If you don’t get a high enough rating, you can’t sell. And, the EPA administrator is authorized to raise the standards every year, even above the automatic energy efficiency increases built into the Act.
The EPA administrator, appointed by the President, will run the Cap & Trade program (AKA the “American Clean Energy and Security Act of 2009″) and is authorized to make any future changes to the regulations and standards he alone determines to be in the government’s best interest. Requirements are set low initial y so the bill will pass Congress; then the Administrator can set much tougher new standards every year.
The Act itself contains annual required increases in energy efficiency for private and commercial residences and buildings.
However, the EPA administrator can set higher standards at any time.
Building Retrofit Program mandates a national retrofit program to increase the energy efficiency of all existing homes across America .
Beginning 1 year after enactment of the Act, you won’t be able to sell your home unless you retrofit it to comply with the energy and water efficiency standards of this Act.
You had better sell soon, because the standards will be raised each year and will be really hard (i.e., ex$pen$ive) to meet in a few years. Oh, goody! The Act allows the government to give you a grant of several thousand dollars to comply with the retrofit program requirements if you meet certain energy efficiency levels. But, wait, the State can set additional requirements on who qualifies to receive the grants.
You should expect requirements such as “can’t have an income of more than $50K per year”, “home selling price can’t be more than $125K”, or anything else to target the upper middle class (and that’s YOU) and prevent them from qualifying for the grants.
Most of us won’t get a dime and will have to pay the entire cost of the retrofit out of our own pockets. More transfer of wealth, more “change you can believe in.”

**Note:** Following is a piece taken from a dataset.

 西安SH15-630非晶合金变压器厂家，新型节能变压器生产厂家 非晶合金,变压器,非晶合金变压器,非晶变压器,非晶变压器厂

Building Energy Performance Labeling Program establishes a labeling program that for each individual residence will identify the achieved energy efficiency performance for “at least 90 percent of the residential market within 5 years after the date of the enactment of this Act.”
This means that within 5 years 90% of all residential homes in the U.S. must be measured and labeled. The EPA administrator will get $50M each year to enforce the labeling program. The Secretary of the Department of Energy will get an additional $20M each year to help enforce the labeling program. Some of this money will, of course, be spent on coming up with tougher standards each year.

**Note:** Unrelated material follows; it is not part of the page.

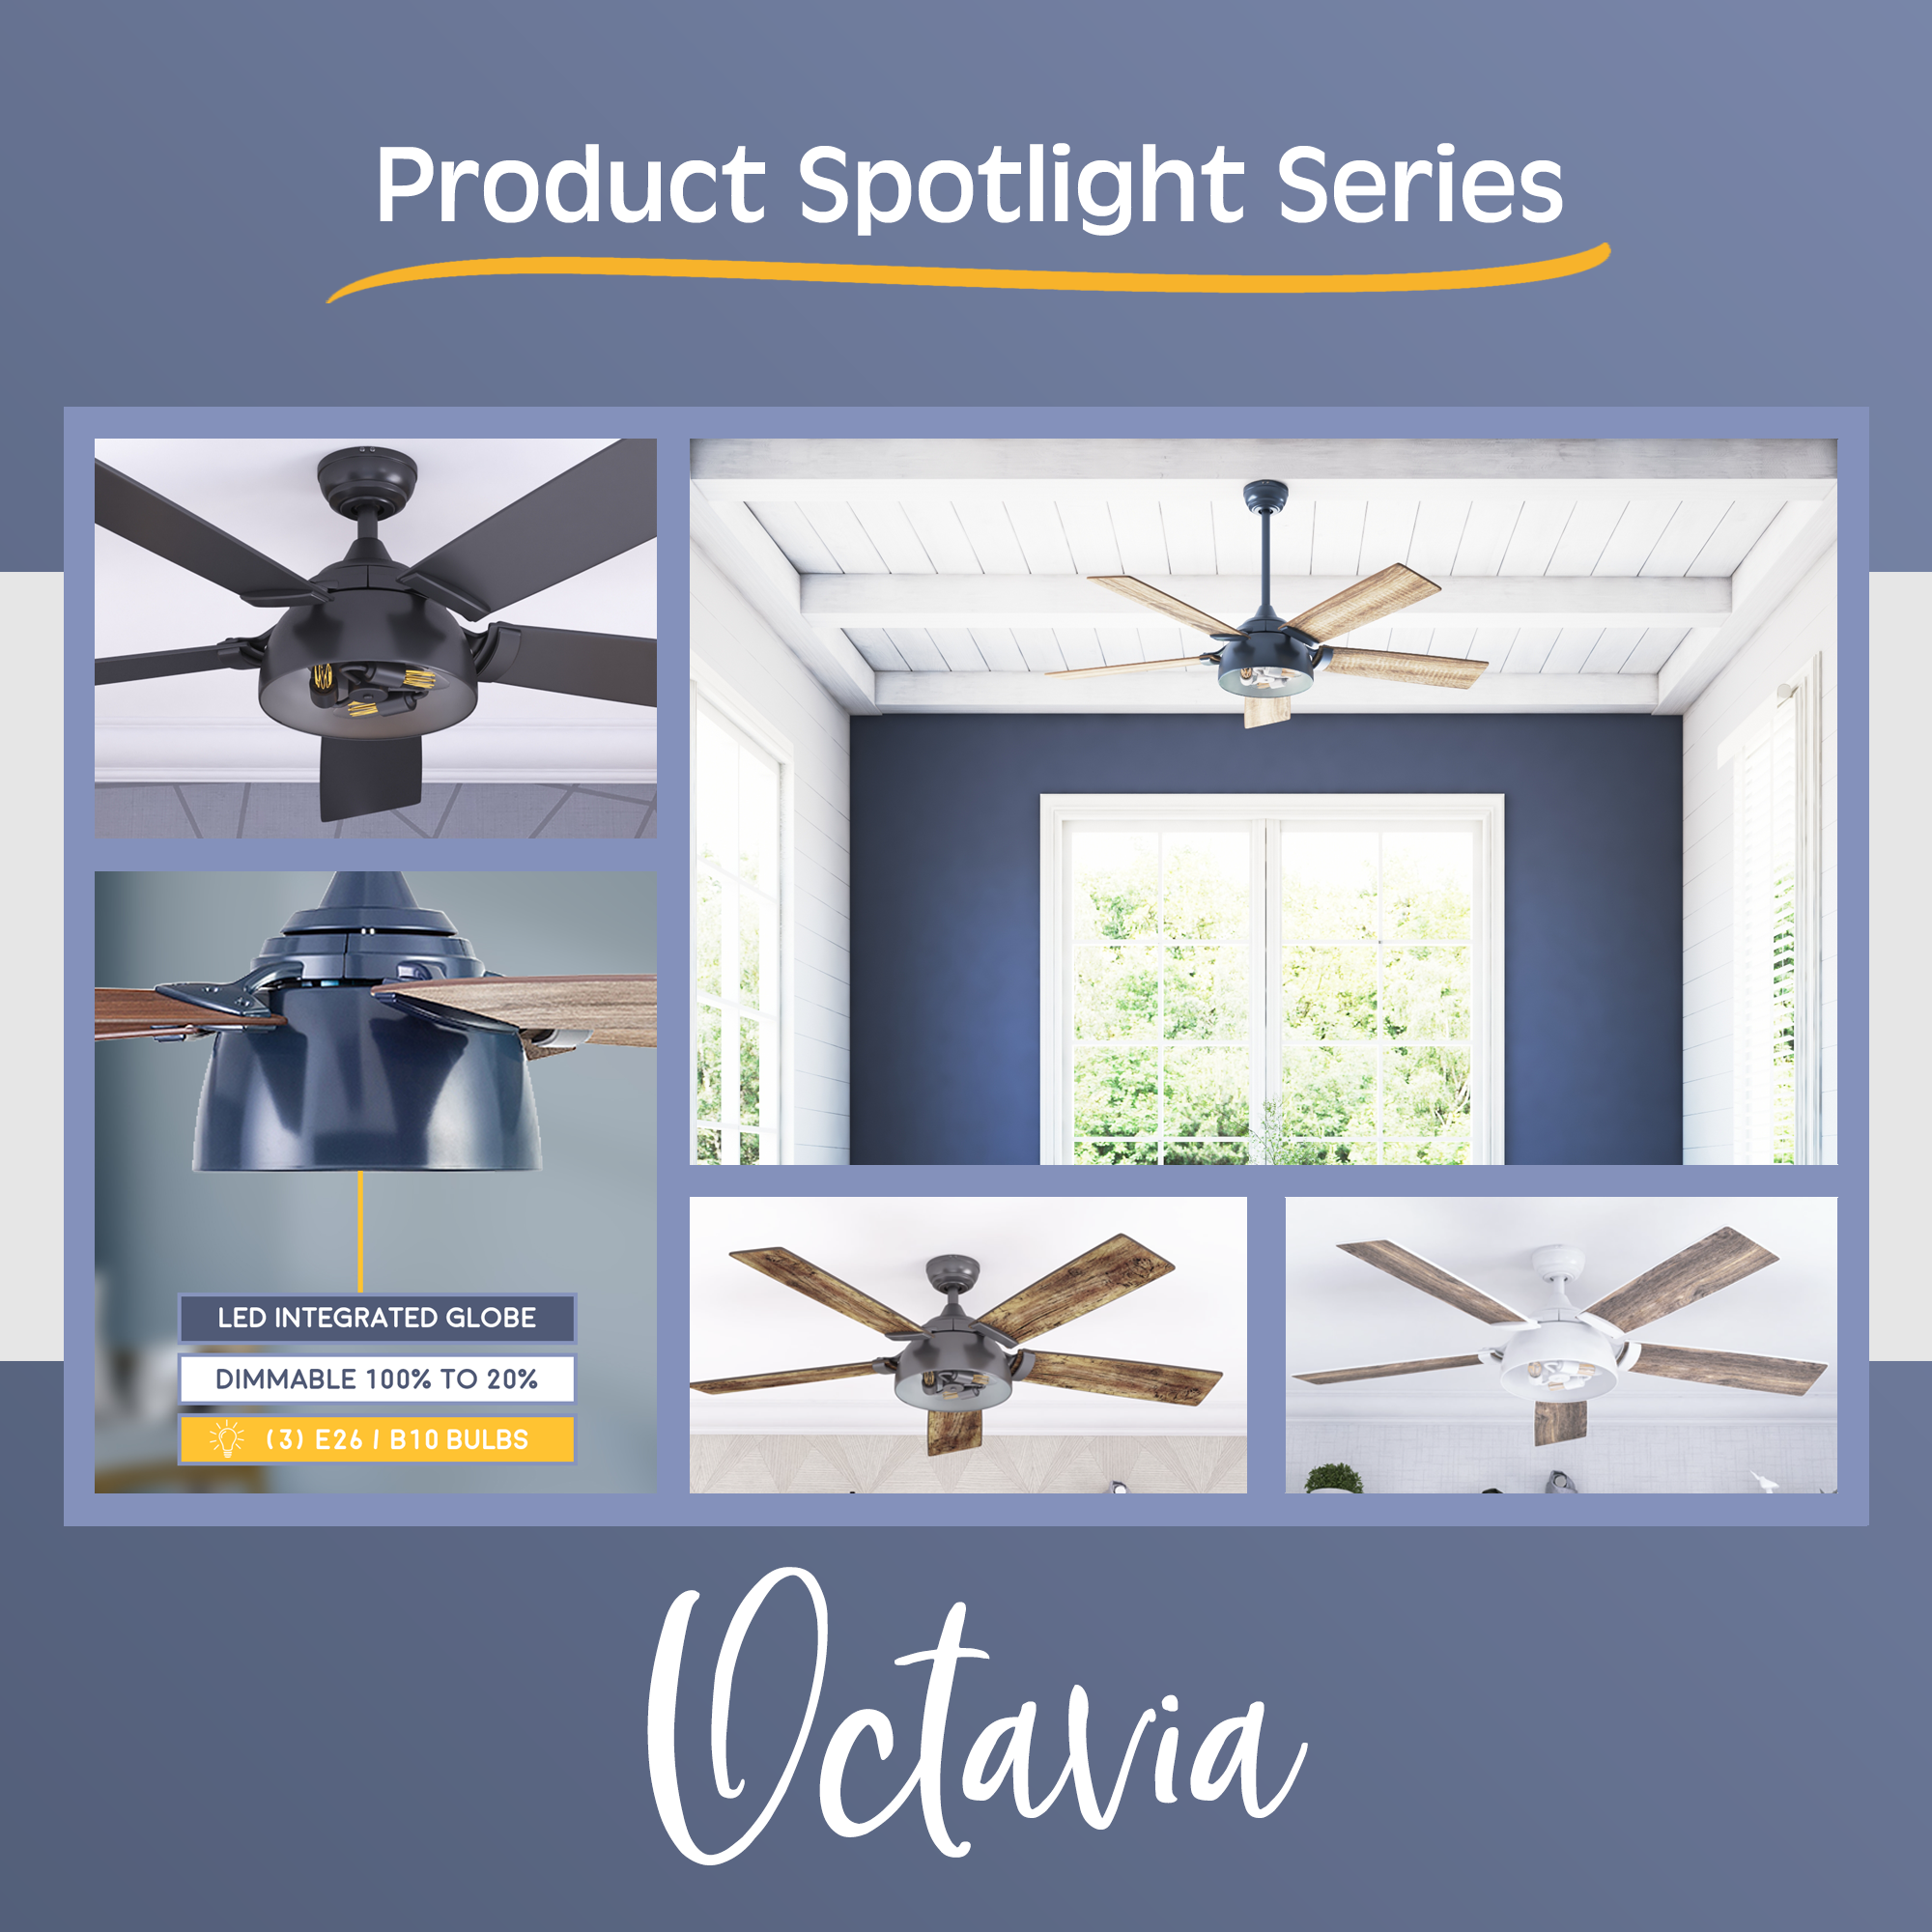 Product Spotlight: Octavia

Oh, the label will be like a license for your car. You will be required to post the label in a conspicuous location in your home and will not be allowed to sell your home without having this label.

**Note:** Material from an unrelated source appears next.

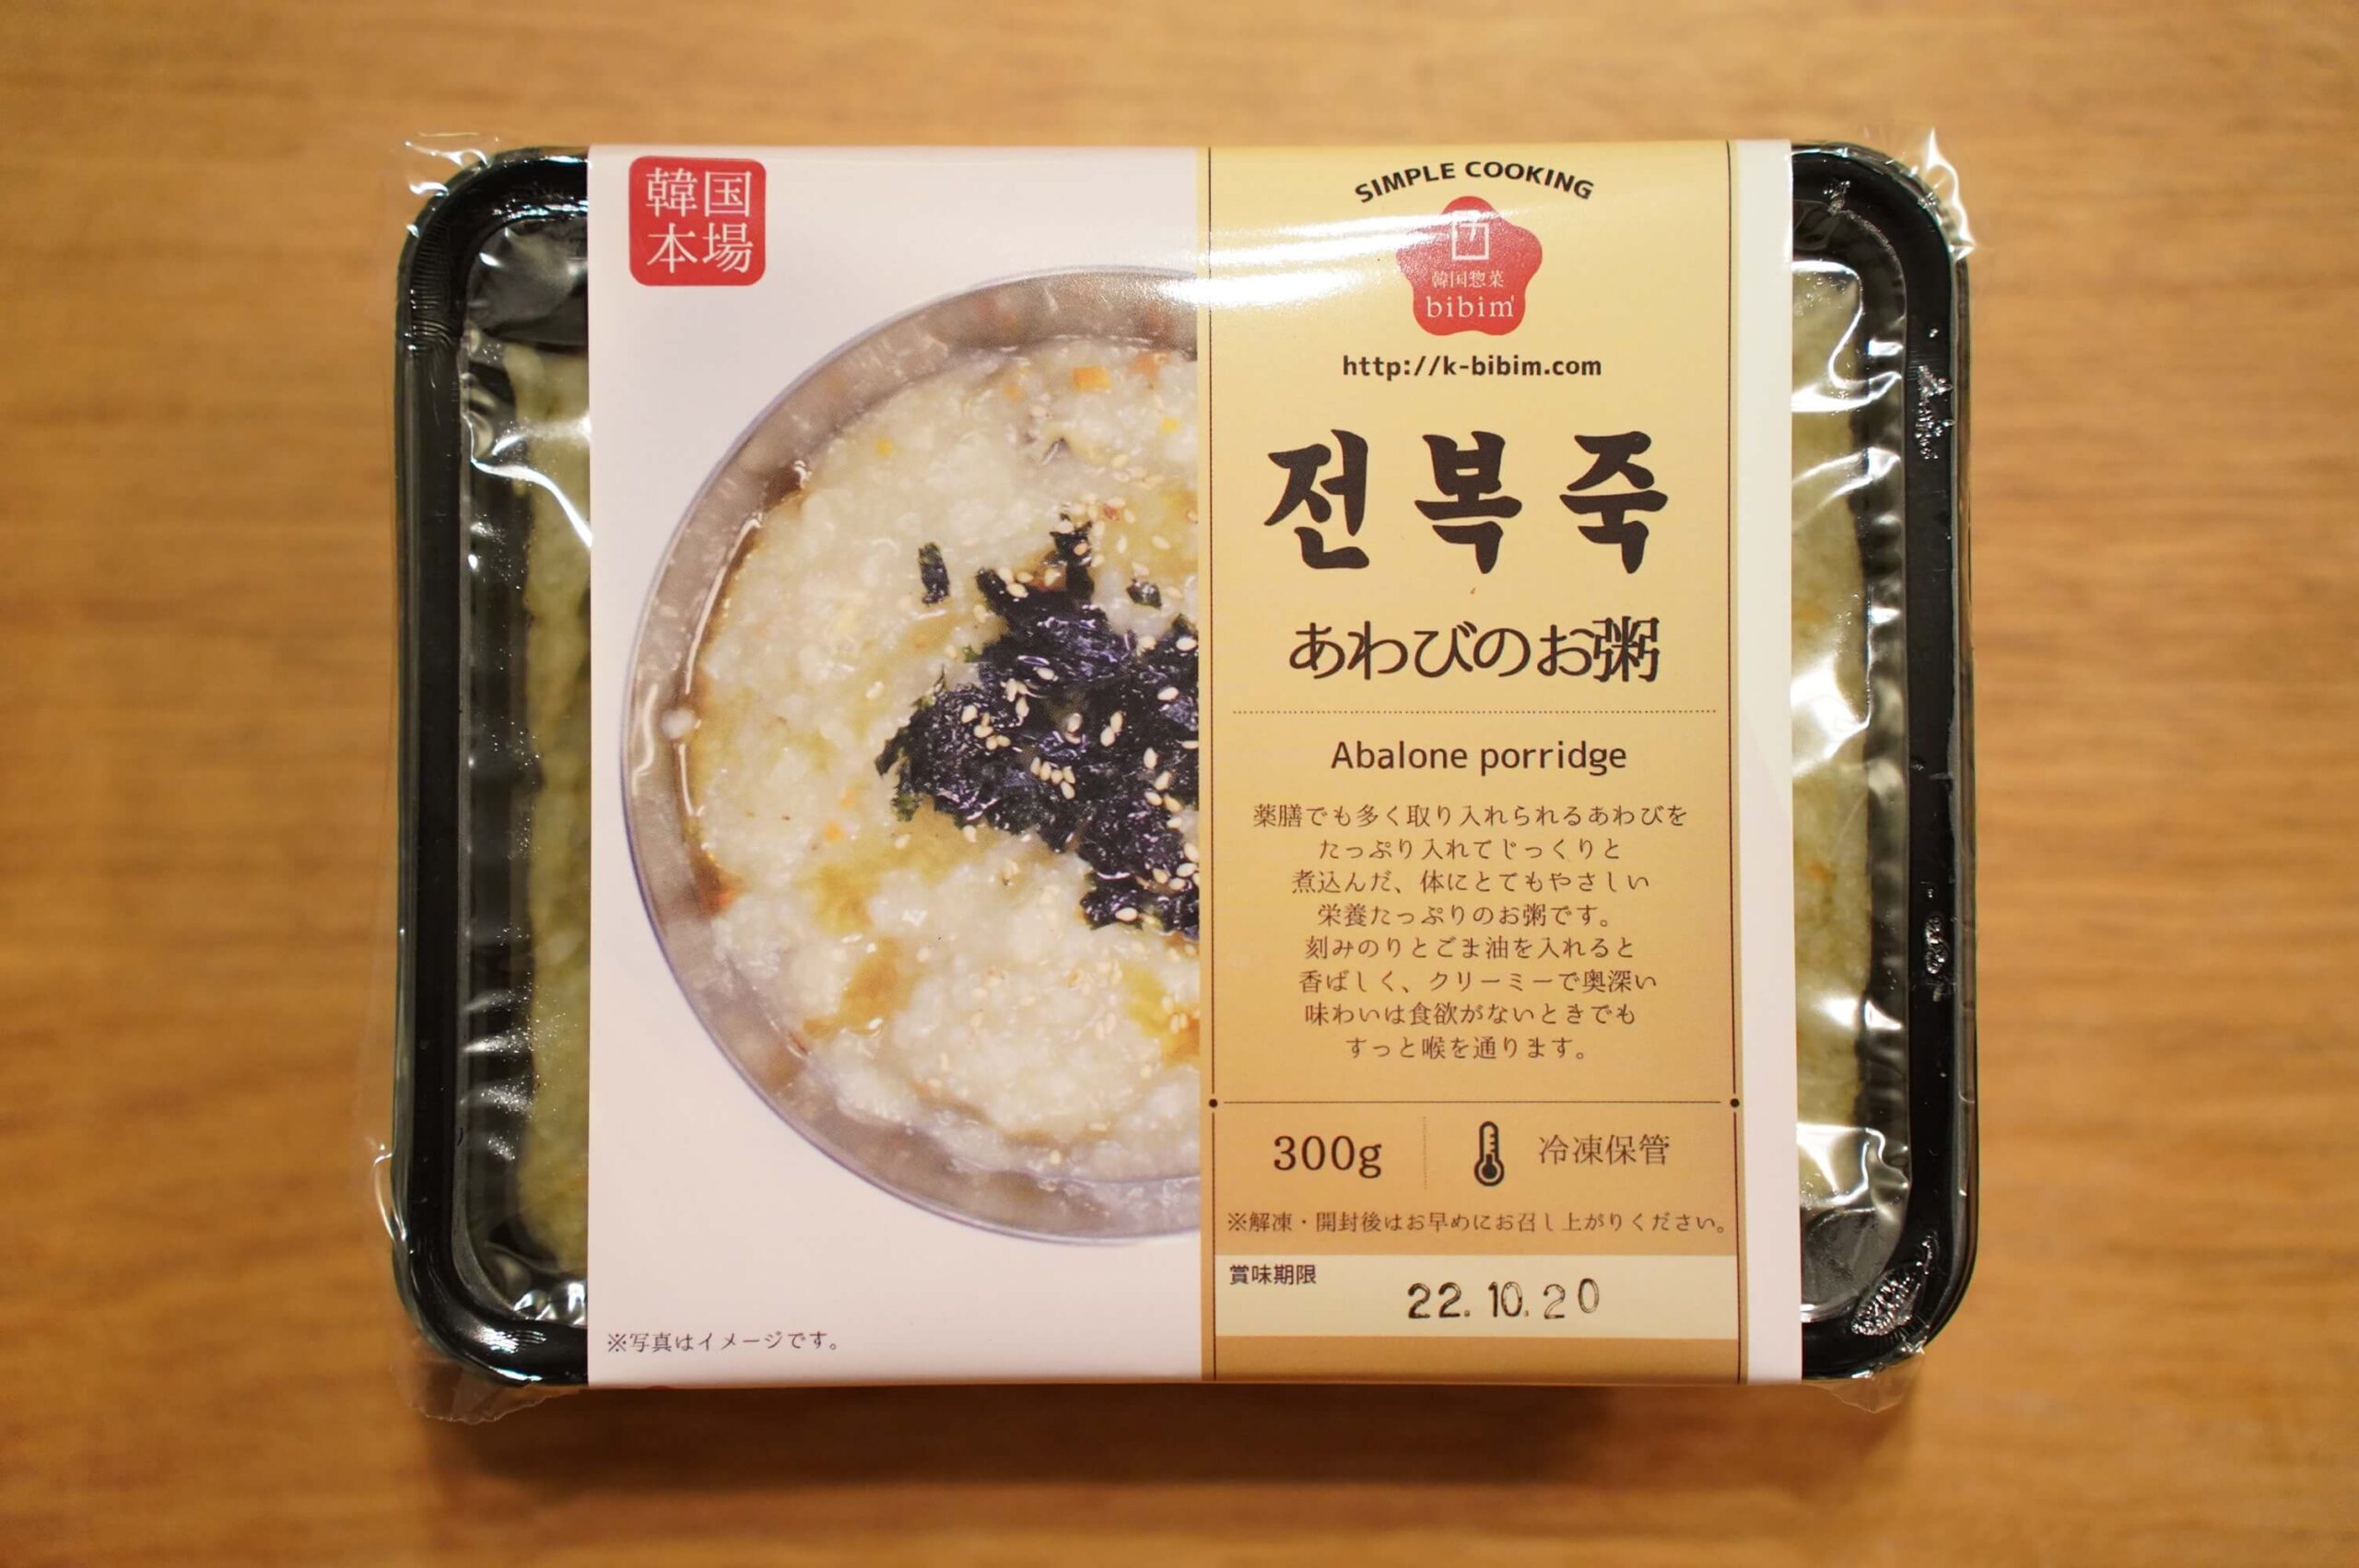 おすすめの美味しい韓国料理の冷凍食品「あわびのお粥」のパッケージ写真

And, just like your car license, you will probably be required to get a new label every so often – maybe every year.
But, the government estimates the cost of measuring the energy efficiency of your home should only cost about $200 each time.
Remember what they said about the auto smog inspections when they first started: that in California it would only cost $15. That was when the program started. Now the cost is about $50 for the inspection and certificate; a 333% increase. Expect the same from the home labeling program.
Greater Energy Efficiency in Building Codes establishes new energy efficiency guidelines for the National Building Code and mandates at 304(d), Application of National Code to State and Local Jurisdictions, that 1 year after enactment of this Act, all state and local jurisdictions must adopt the National Building Code energy efficiency provisions or must obtain a certification from the federal government that their state and/or local codes have been brought into full compliance with the National Building Code energy efficiency standards.